In a previous post, I talked about how these homogenised images have even pervaded the fight against a homogenised westernized standard of beauty as being white, thin, tall and so on. Instead of coming together and saying that each body type is wonderful, each body type pits itself against the other. Women rail against thinness and thin women as though they are the reason that they feel dissatisfied with themselves. It is homogenisation that makes us feel ugly and unworthy, because a standard has been set that we do not meet. It is not thinness itself, but the fact that thinness has become one of the beauty standards.

We are not allowed to love ourselves. We are constantly being sold products that will help us to continue to work on the ‘project’ that is our body.

I remember an advert for a deodorant that really annoyed me. I don’t remember the brand and I couldn’t find the advert but it said something like ‘70% of women agree that when they have beautiful underarms they feel more confident’. What kind of world do we live in where we feel bad about whether or not our armpits are beautiful? The advert was claiming to solve a problem that I wasn’t even aware that I had – unattractive armpits.

This website even has a handy armpit care guide!

This picture comes from a website that even has a handy armpit care guide!

When I was searching online for that advert I found one even more disturbing for Dove Whitening deodorant. The advert implies that if you don’t have beautiful, white underarms, you shouldn’t wear sleeveless tops.

Our bodies are amazing. They allow us to experience the world. Our eyes, that we may wish were different colours or shapes, that we may wish were framed differently, enable us to see. Our lips, that we may wish were plumper, allow us to kiss and be kissed and to feel every sensation, physical and emotional, that that act implies. Our skin, that we may hate the shade of, can feel. Have you ever just marvelled at how amazing skin is? How wonderful to brush past a soft fabric or feel the sun on your skin? When you actually think about it, it’s fantastic.

Our bodies give us so much. And yet so many of us hate them and wish they were different.

These campaigns are designed to make us feel ashamed about parts of our body that we previously had no issue with. We add this new shame to all the existing shame we have heaped upon us.

I know all of this, and yet I am on a diet.

I do not want to care that I am not thin and I know that even if I achieve the goal of thinness I will not suddenly love my body, and yet I am on a diet.

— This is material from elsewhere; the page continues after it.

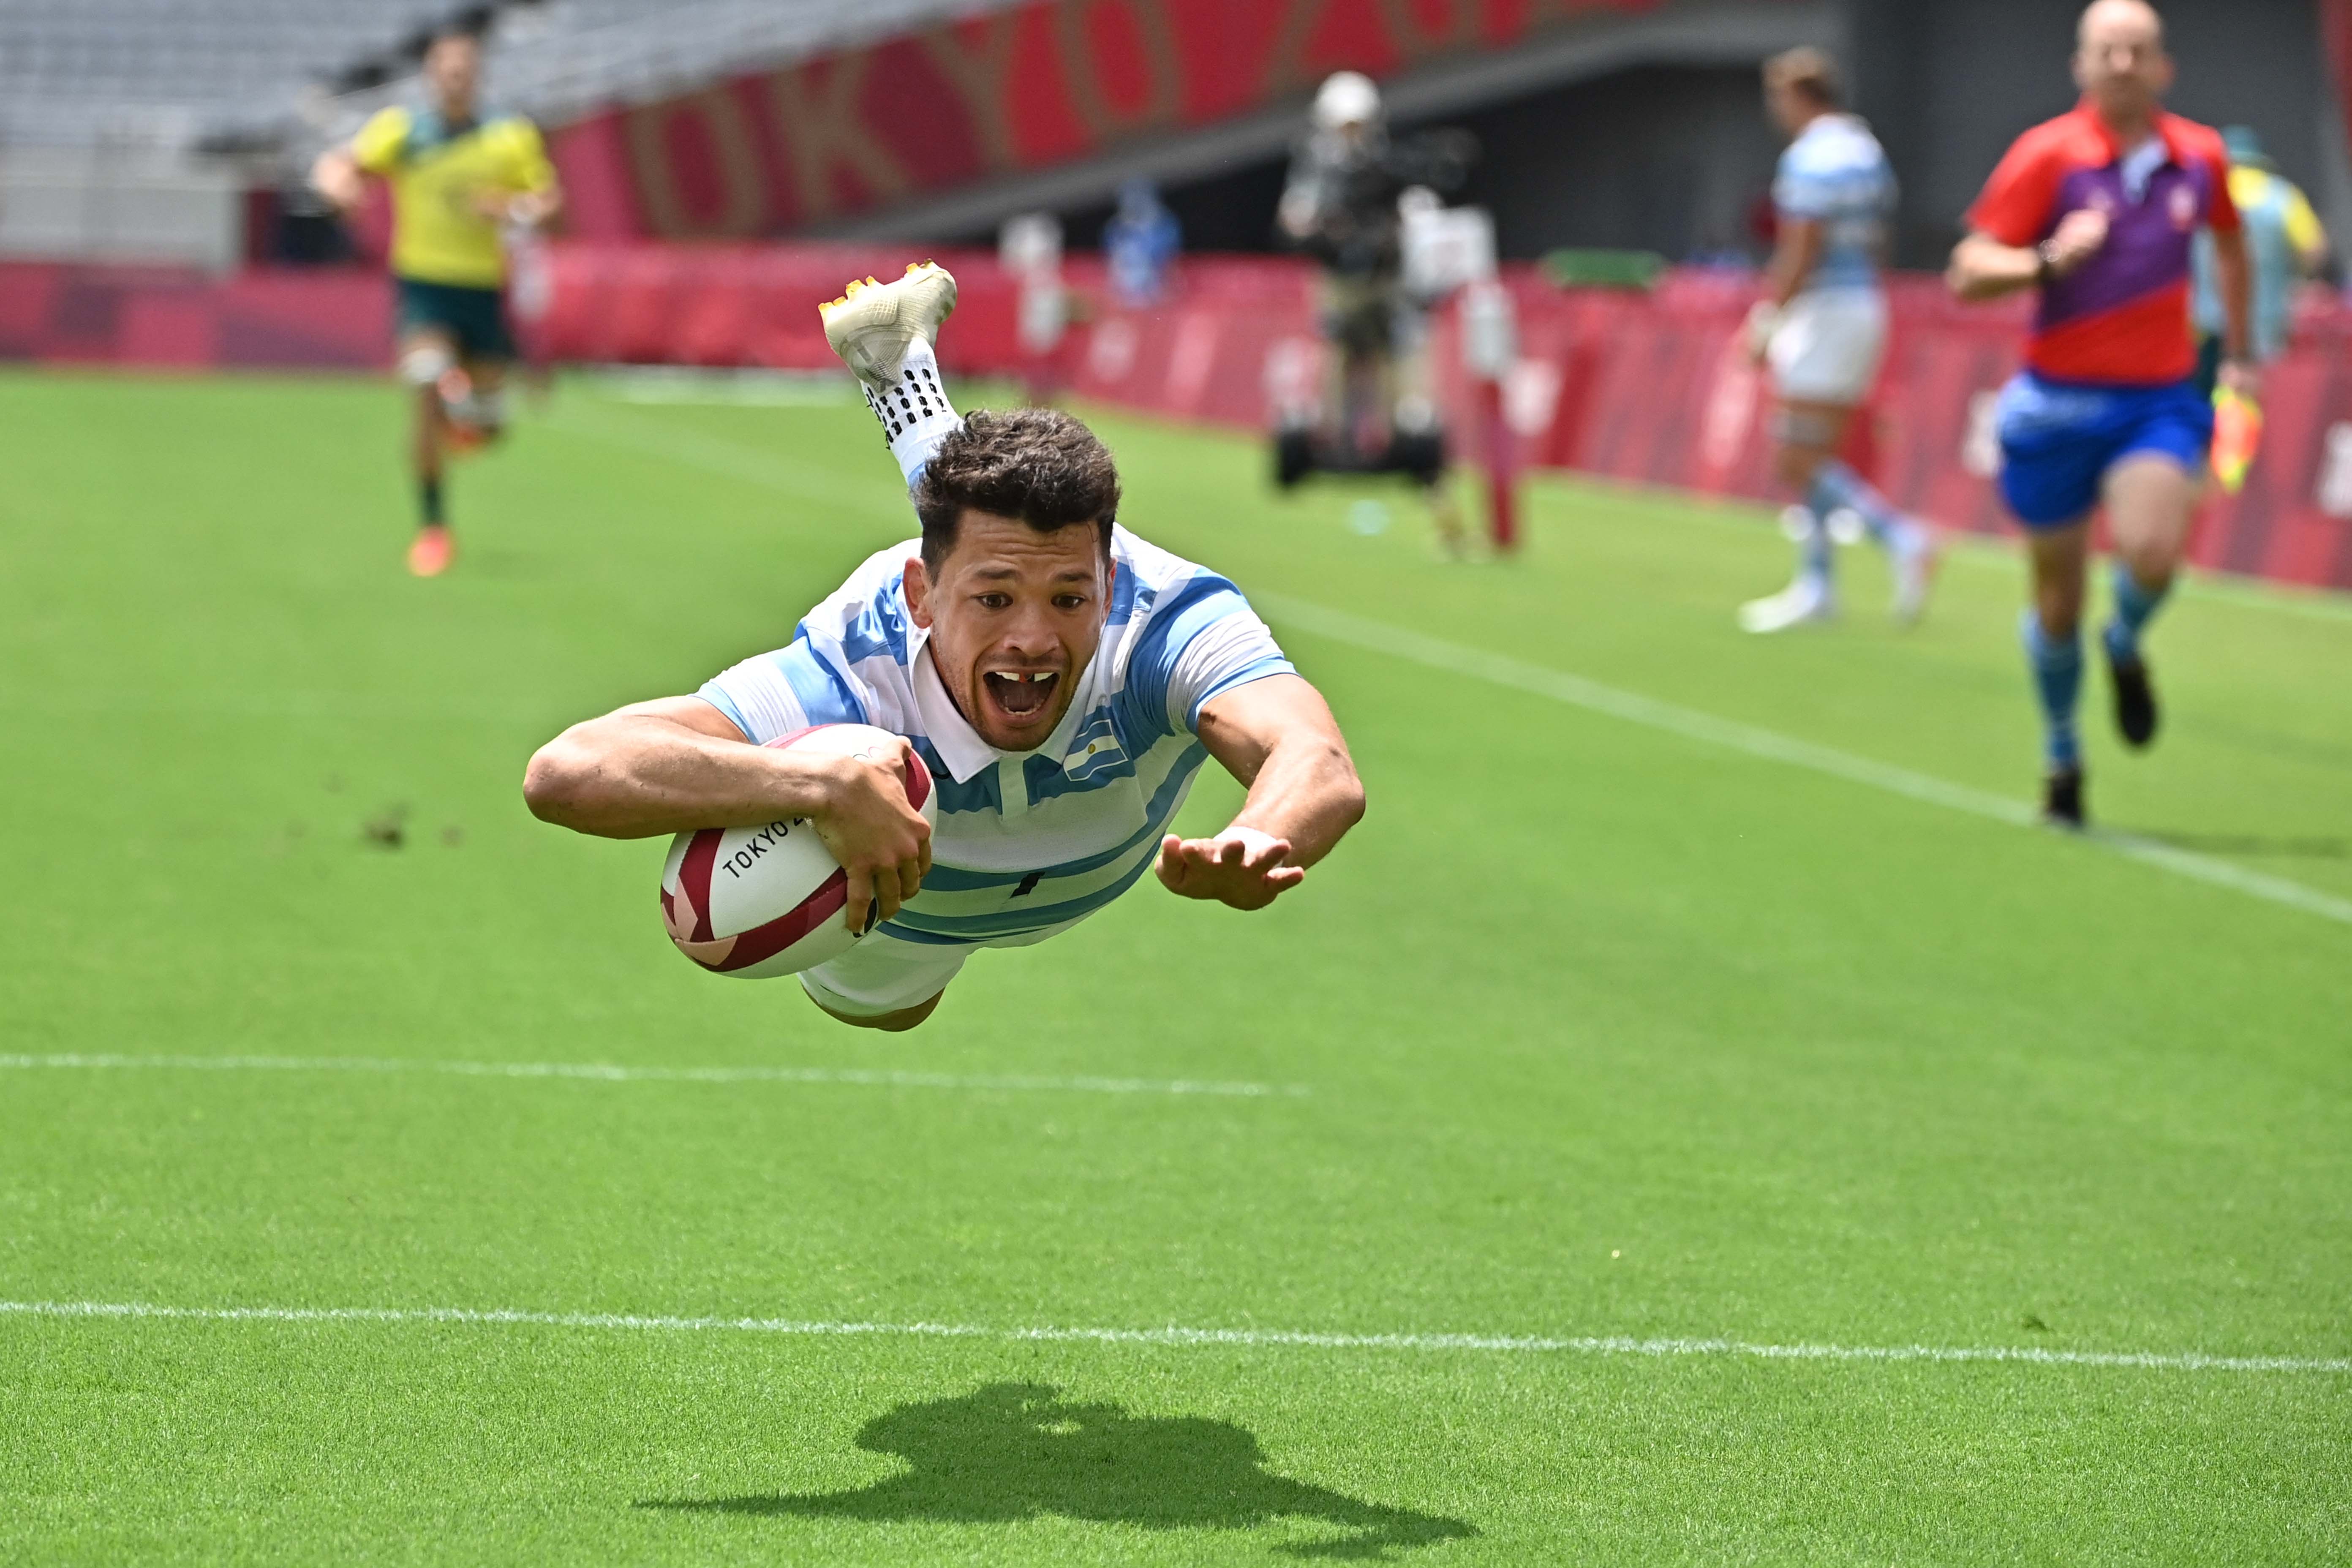 Argentina's Lautaro Bazan Velez scores a try in the men's pool A rugby sevens match between Australia and Argentina during the Tokyo 2020 Olympic Games at the Tokyo Stadium in Tokyo on July 26, 2021. (Photo by Ben STANSALL / AFP)

I hate my sloping shoulders. I hate the shape of my breasts. I hate the long, thin fingers I have often been teased about. I hate the scoliosis that causes my rib cage to stick out at awkward angles and my hips to be misaligned. I hate the permanent dark circles under my eyes. I hate my neck. I hate my natural hair colour. I hate my dark leg and underarm hair. I hate the way that anything I do to remove this offending hair causes my skin to go red and blotchy. In short, I do not feel beautiful.

Sometimes, I feel that I am closer. When I dress up for a special occasion, like a wedding or party, and I go all out and spend hours preparing myself and submitting to being uncomfortable in the name of beauty, I feel a little closer. Sometimes, I feel like the painful waxing, the bleaching, the make-up, hair style, control underwear, uncomfortable clothes and punishing high heels have come together to produce an admirable result. Not perfect, but better at least. I am pleased with the effect I have been able to produce, but not for long. I cannot do this every day. But for that special evening, I am pleased. And because I am pleased and have proven to myself that with effort I can get closer to beauty I continue to buy the anti-aging creams, to try out the next cellulite busting miracle product, to continue my search for a hair removal product that will solve my hair ‘problem’ without hurting my skin, I continue to diet, I continue to work on the ‘project’ that my body has become.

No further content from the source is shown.